Some months ago, I predicted a series of cuts based on statements by Lansley and a series of articles published by the Telegraph. The next day, Lansley announced the very same measures I’d predicted. I took no pleasure in being right.
The Telegraph is a proven and consistent collaborator with Conservative and corporate interests with regard to the NHS, regularly co-ordinating propaganda campaigns to smooth the way for cuts and profit-generating measures, including the whole Health and Social Care Act forced through under Andrew Lansley, even to the point of instructing its sub-editors to leave aberrant sections in articles where they didn’t fit, to erode public affection for the NHS.
In October, after the Tory conference, I wrote an analysis of Jeremy Hunt’s speech to the conference and how this speech, together with more reports by the Telegraph, gave away the form that the Tories’ next attack on the NHS would take.
I predicted that the new attack was going to be based on a reconfiguration of services and funding toward areas with higher numbers of older people – a return to the idea floated by Andrew Lansley earlier this year and then set aside, but only temporarily as it turned out.
As wealthier people live longer on average, this would create a perverse situation whereby wealthier areas would receive more funding while poorer ones – where life expectancy is shorter and which therefore have the greater need for health investment to improve it – would be deprived even further.
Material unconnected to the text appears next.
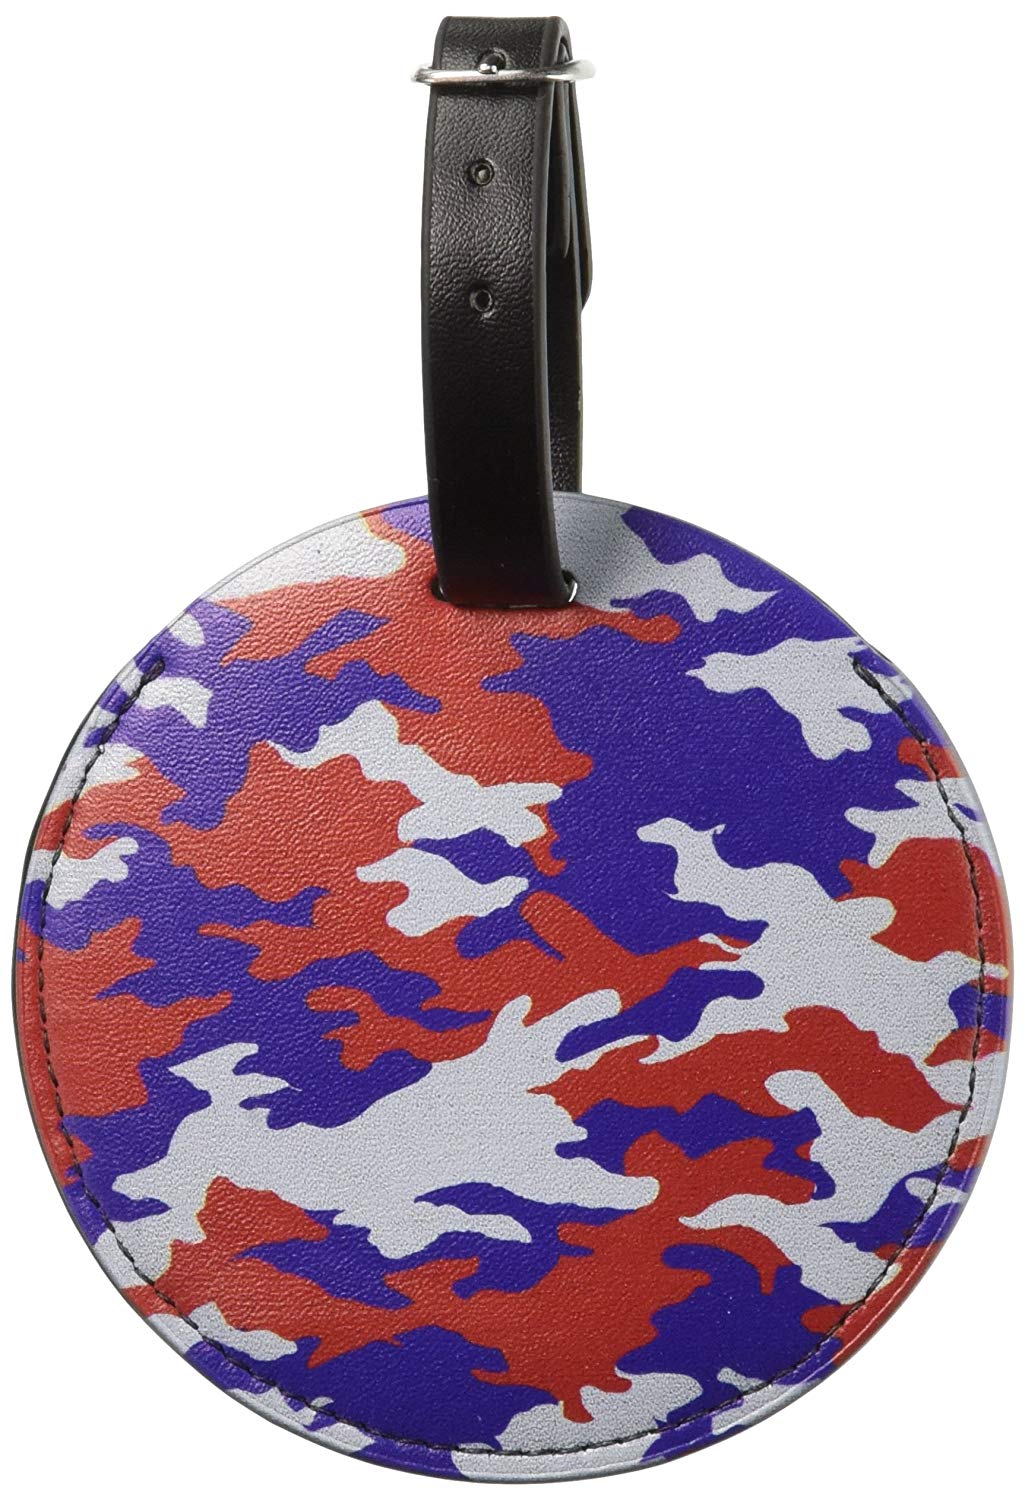 Red Black and Blue Round Logo - 50%OFF Graphics & More Camouflage Print Red White Blue Round Leather ...
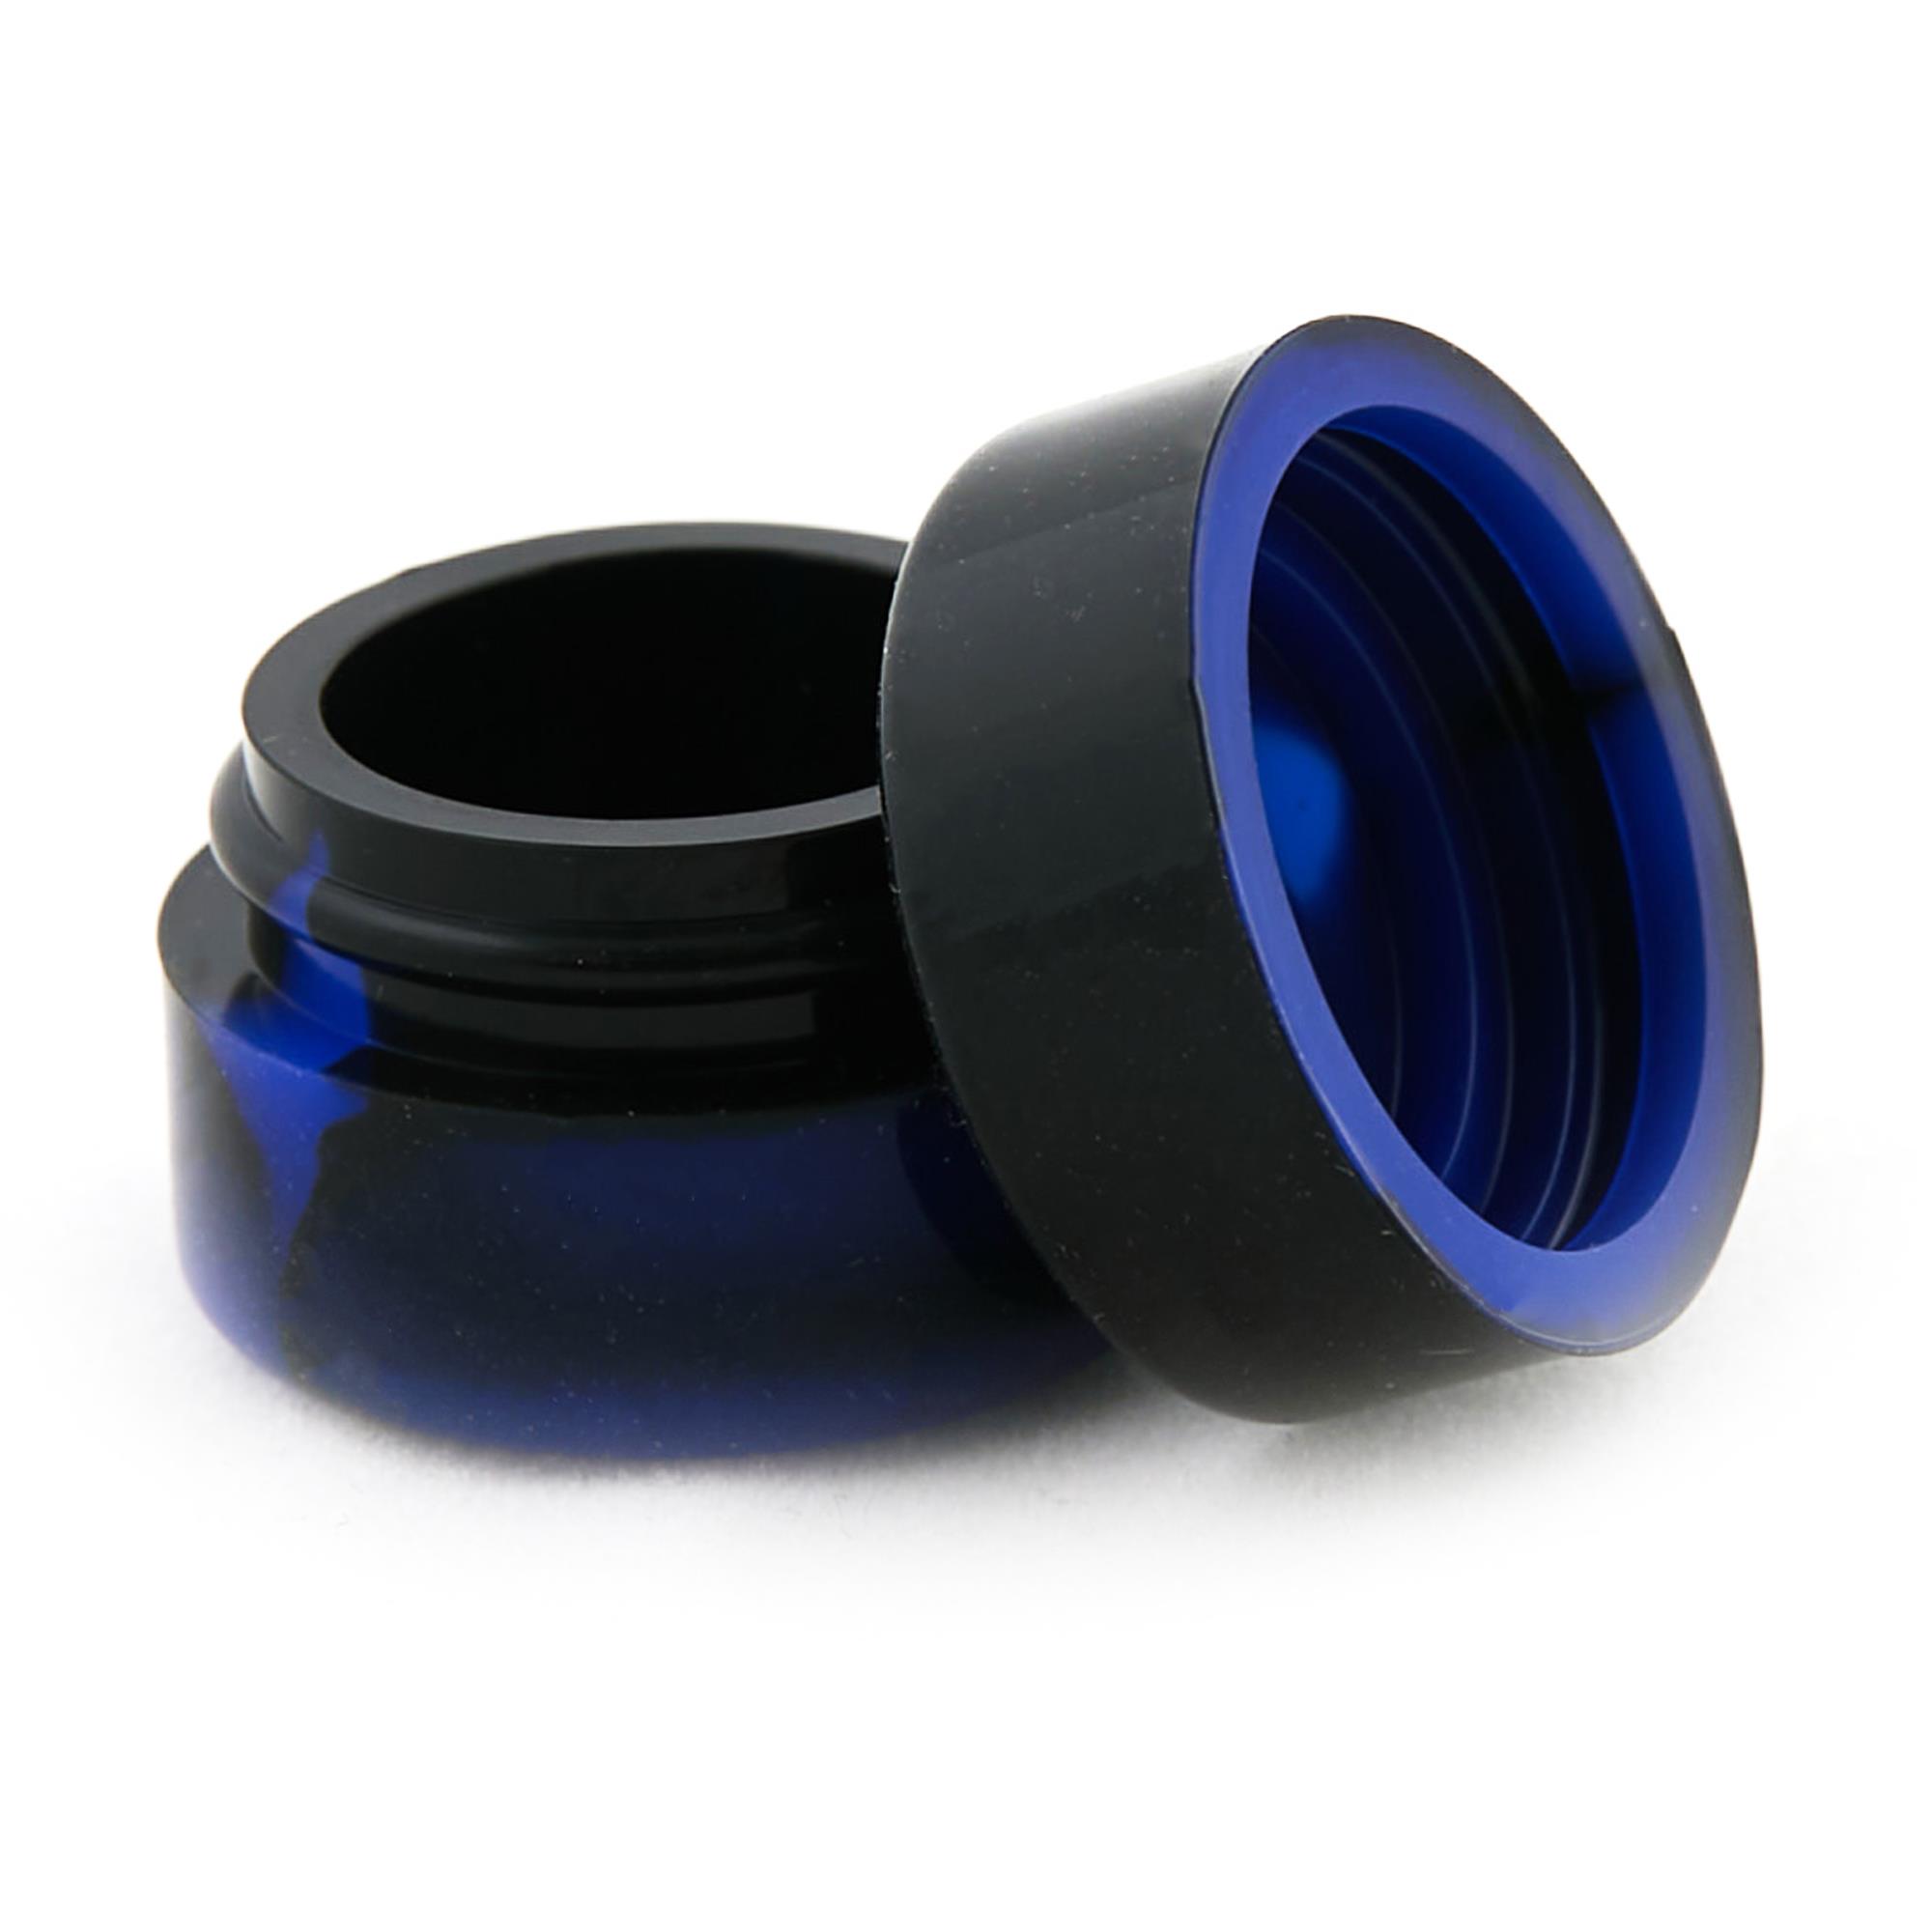 EXTRA SMALL 2ML SILICONE CONTAINER

And ot wouldn’t be ‘blanket’ good news for elderly people, as those in poor areas would actually have less care available than they do now because of reduced funding based on there being fewer of them than in wealthy areas.
Unfortunately, it turns out I was right again. Yesterday, the NHS Commissioning Board (NHSCB) – the body which, under the 2012 Health Act, will decide NHS funding allocations from next April – announced that it was going to discontinue the inclusion of poverty as a factor in the calculation of health-funding allocations.
This decision is the first step in the government’s plan to switch health spending away from the areas that need it to prevent people dying early toward those who can already expect to live longer because they’re wealthier, living in better conditions and are generally healthier anyway, with the aim, as Hunt said in his conference speech, of:
transform[ing] the culture of the system – to make it the best in the world at looking after older people
To any right-thinking person, such a change is very obviously fundamentally unjust. However, for the Tories it is extremely convenient. It allows them to limit and even reduce NHS spending, while maintaining health provision – and therefore higher levels of approval for the government – in areas likely to vote Tory at the expense of poorer areas almost certain never to vote in a Tory MP anyway.
A ‘win-win situation’ – if you’re prepared to call condemning already-disadvantaged people to an early death in order to pamper the already-privileged a ‘win’.
This decision will cost lives and maintain a deep-rooted division between the health outcomes of the rich and those of the poor. And it’s only the beginning – we should certainly anticipate more steps along this road from a Tory-led government that is proving itself more than willing to spout platitudes about fairness while promoting injustice.